Also I want to provide some experience while playing around with some models:

Workload design experiences

Computer systems behave very differently in power draw when different workloads happen. Thus it was explored if separate and disparate workloads shall be used or one large mixed workload shall be used.

Advantages of the separate workloads could be:

  • Better fit and better prediction
  • Might work especially well in edge cases
  • Might needs less sample data to fit

Disadvantages though respectively:

  • When conditions change the fit might be unusable. This was tried with a fit on a compute workload. Here the intercept was already 16 W (although system was 4 Watts in idle). Thus it was impossible to know for the model what would happen if CPU was idle.
  • The later prediction must know which model to choose when.
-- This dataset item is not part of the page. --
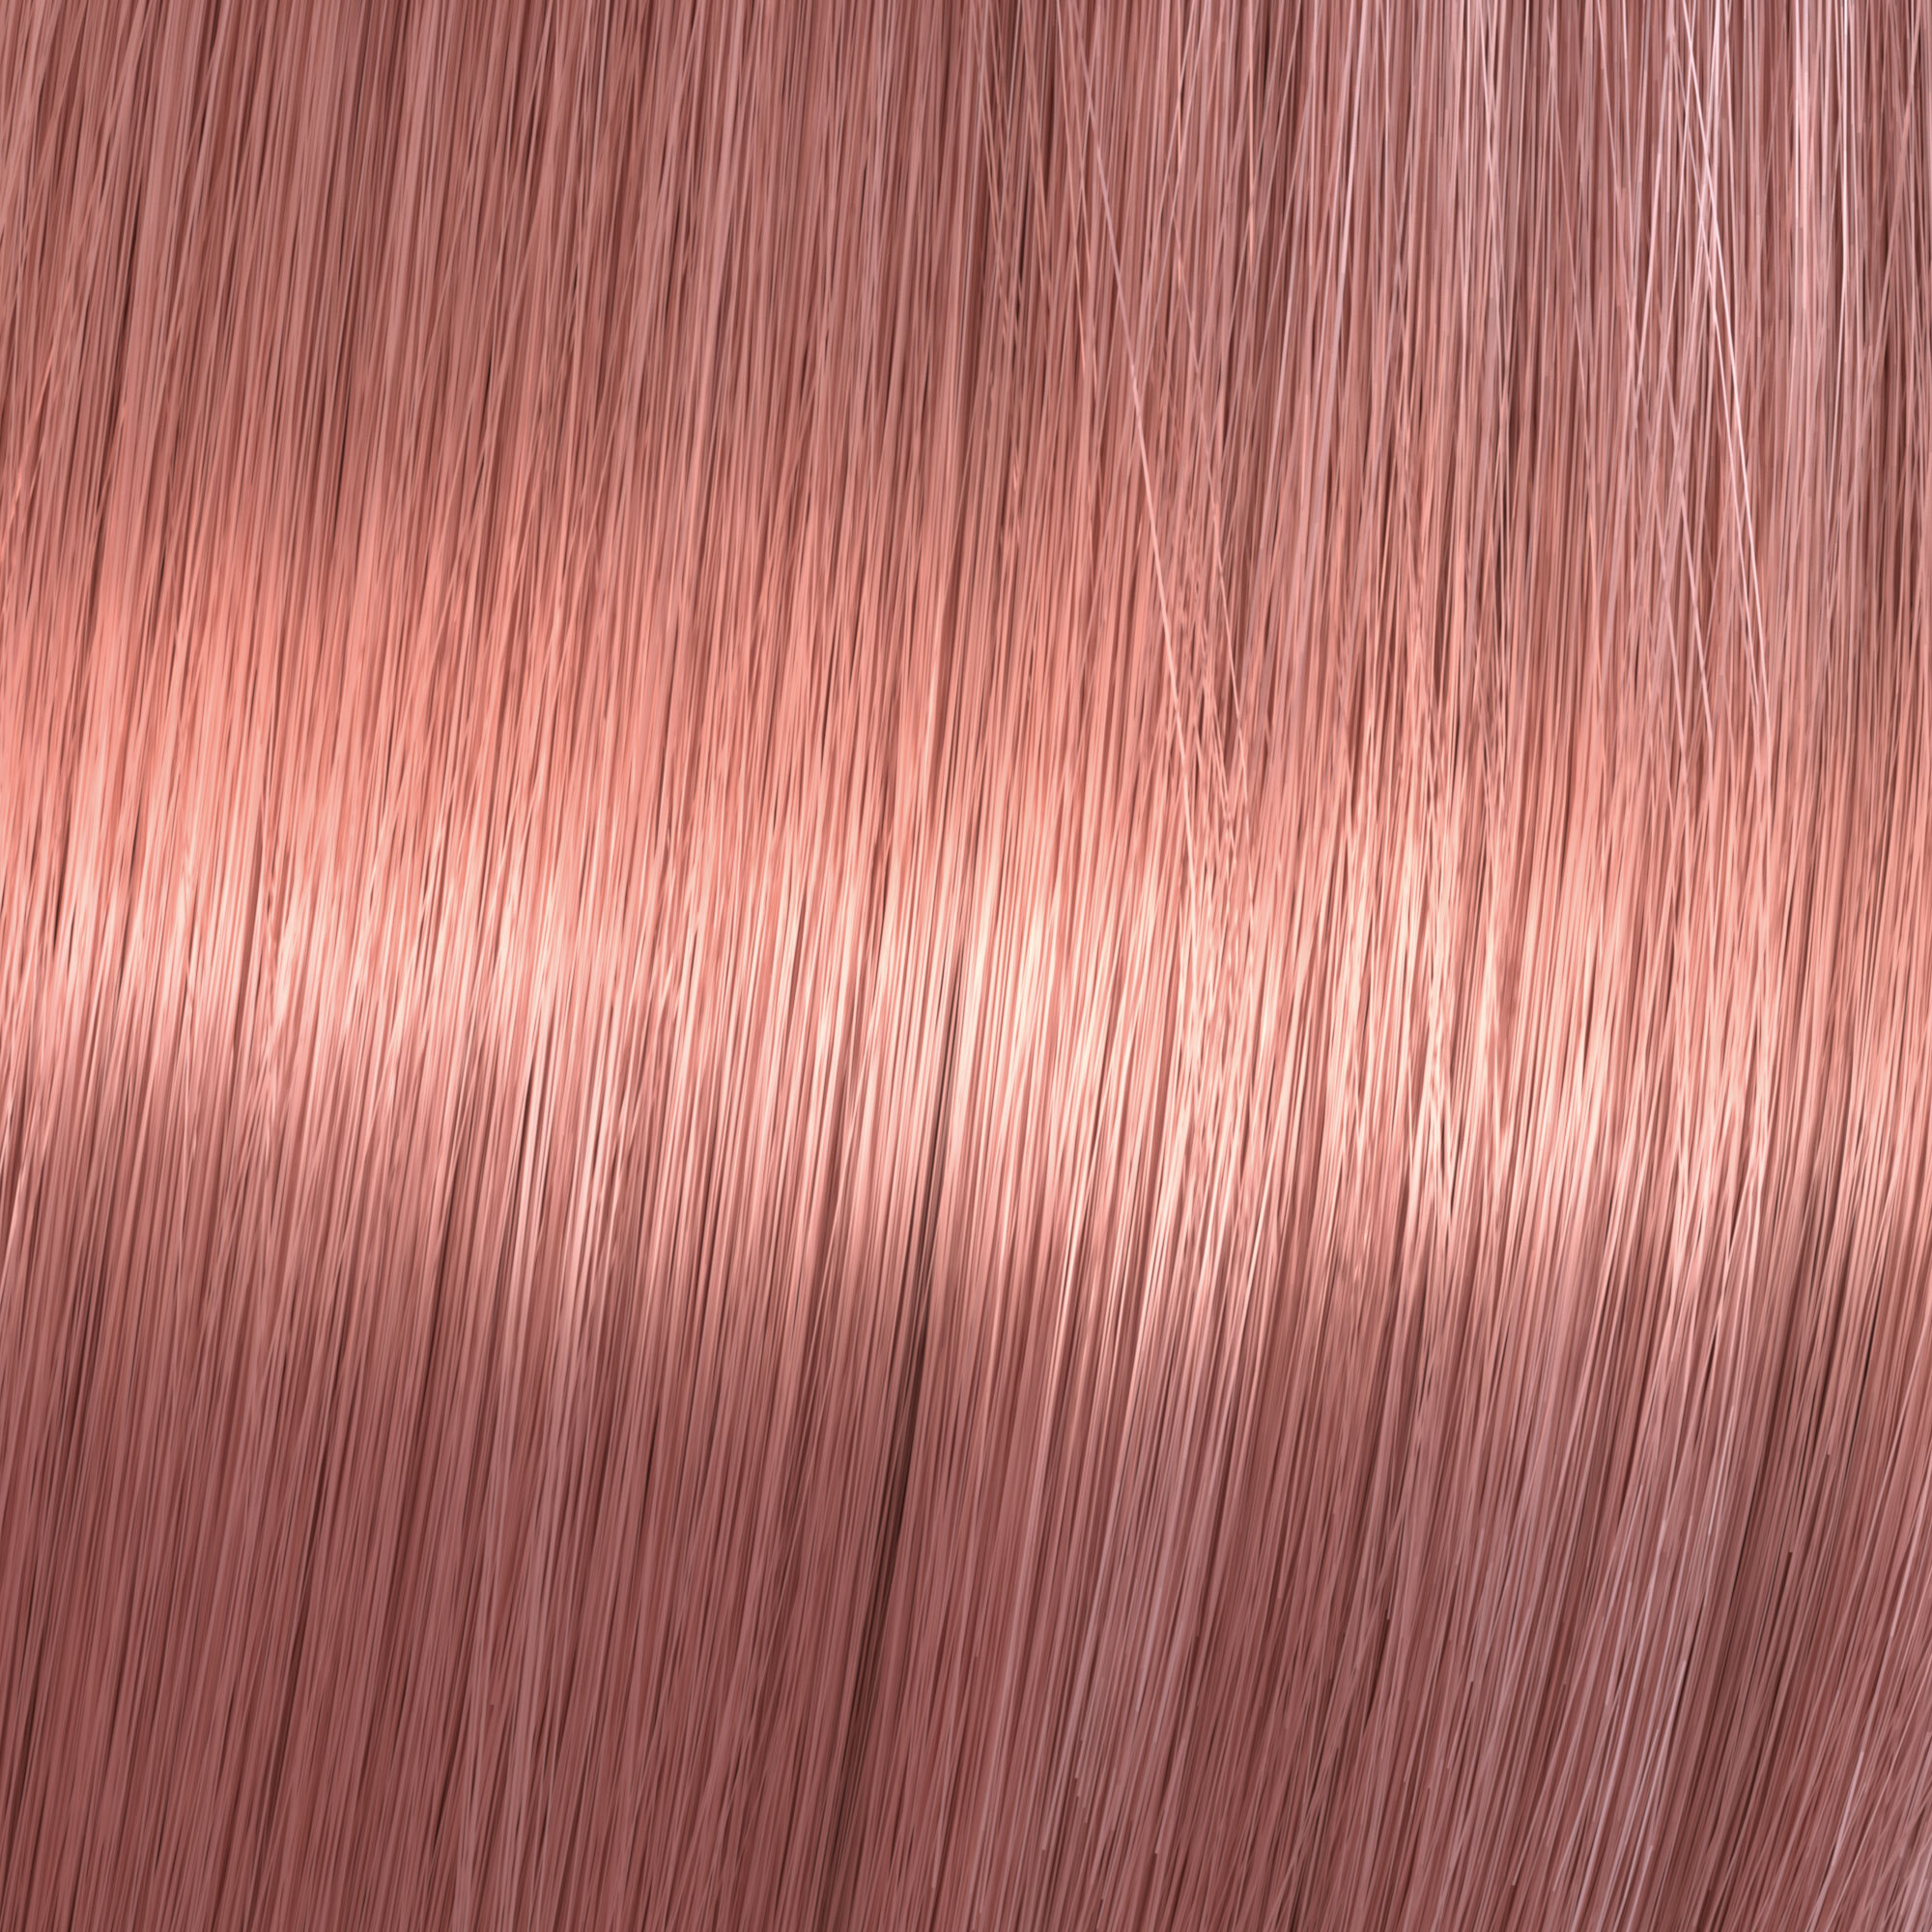 Wella Shinefinity Color Glaze - 07/59 Medium Blonde Mahogany Cendre
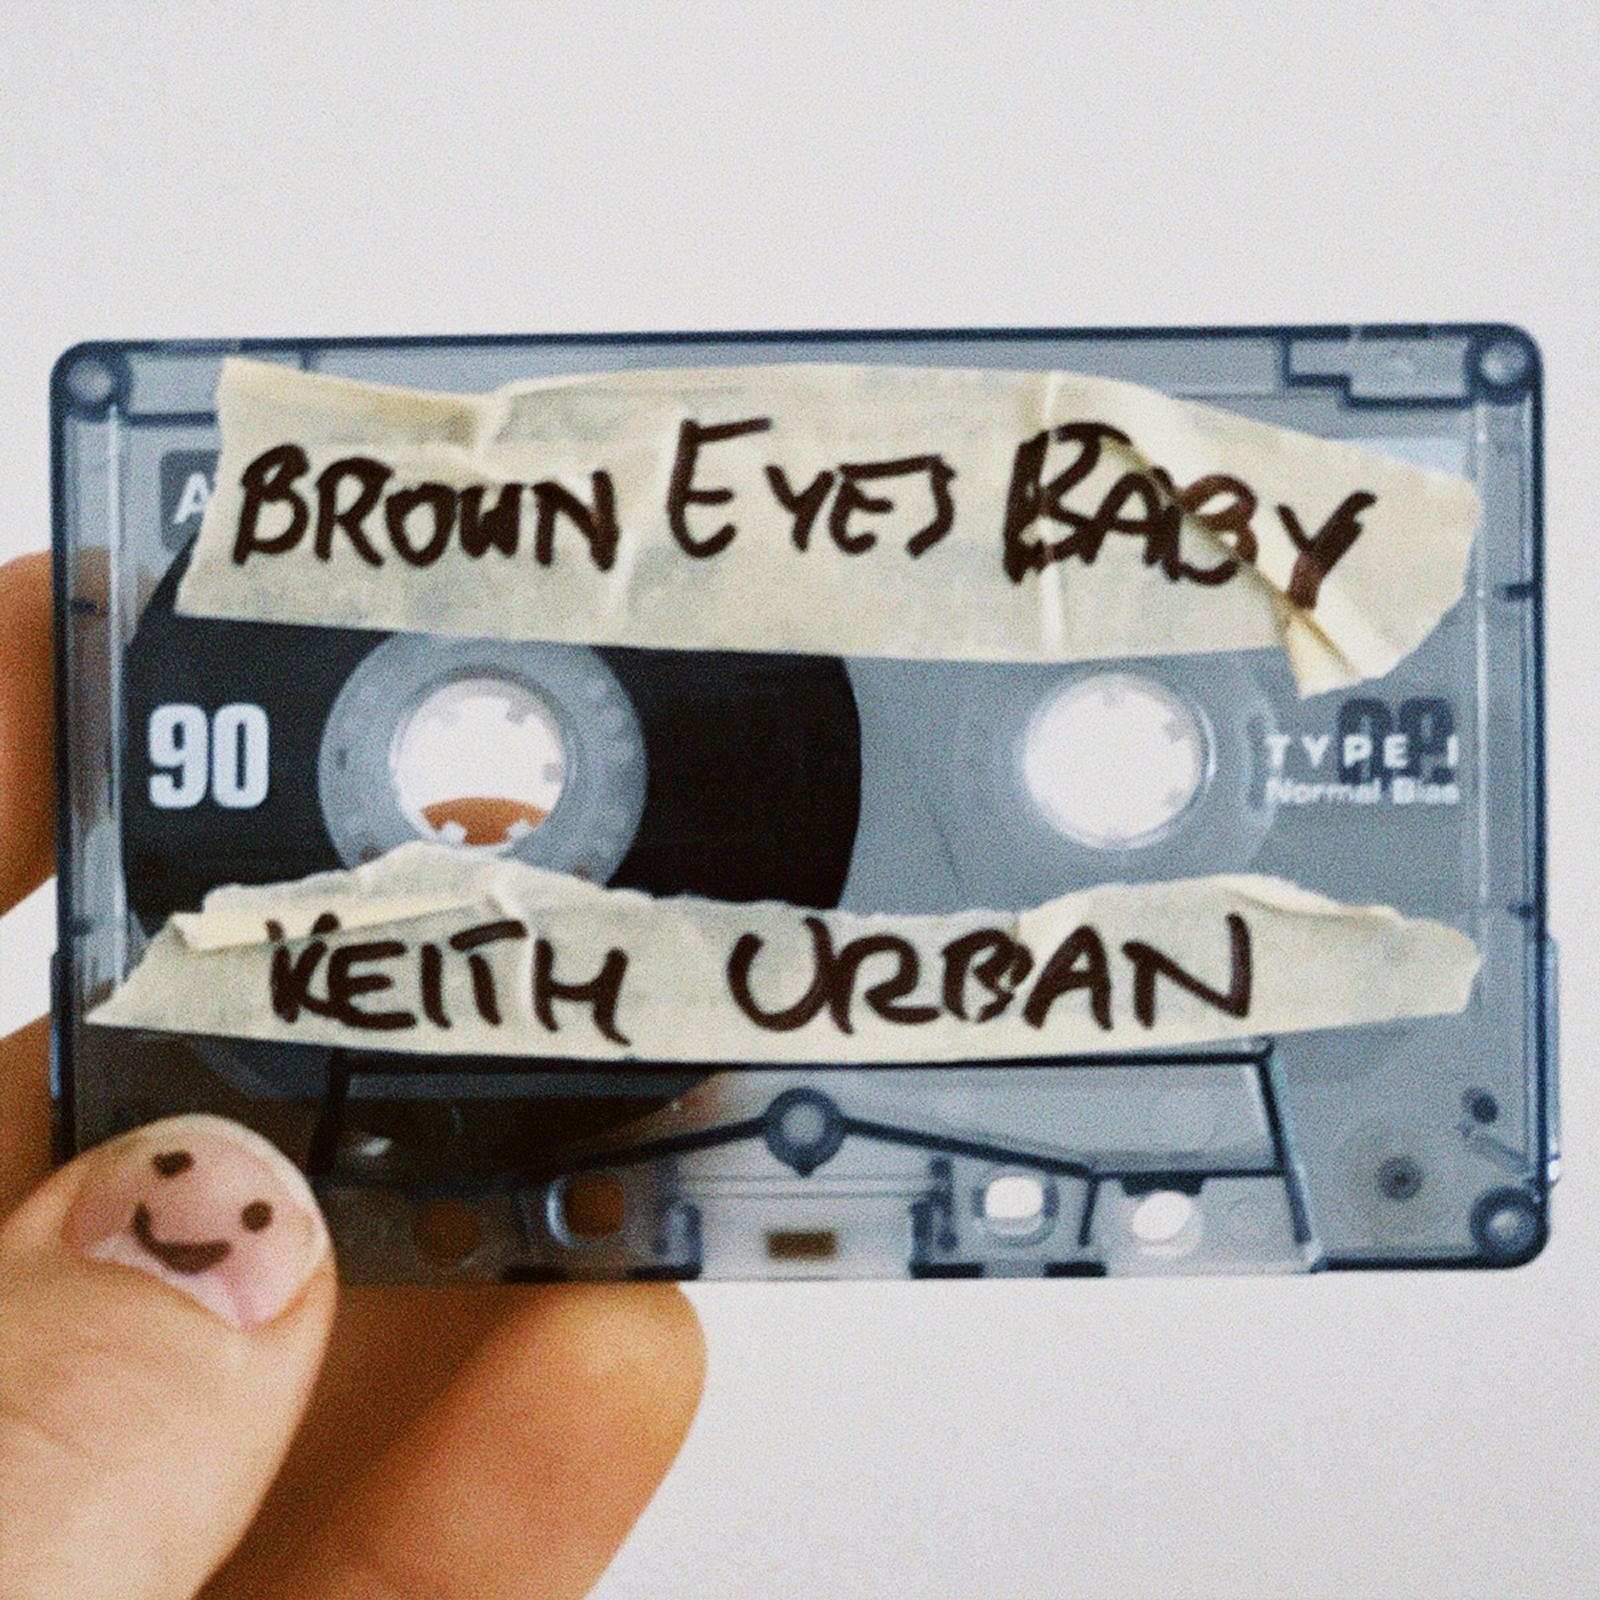 Keith Urban — Brown Eyes Baby cover artwork

This is hard when no domain knowledge is present as for instance a rule like "switch to compute when instructions are > 10,000,000" might be misleading in a system with a higher base frequency or sytems that only have one core and cannot fully sleep the core.

Model design experiences

  • Fitting on all variables leads to high colinearity. This means that repeated runs produce highly different weights. This can be either combated by higher sample sizes, changing the sample interval or by simply dropping variables or chaining them together.

    • Needs to be explored further
  • Idle workloads are dominated by wakeups. If a simple model with only wakeups is fitted the idle is properly estimated at around 1 W for the intercept and about 2-3 W contribution by the wakeups.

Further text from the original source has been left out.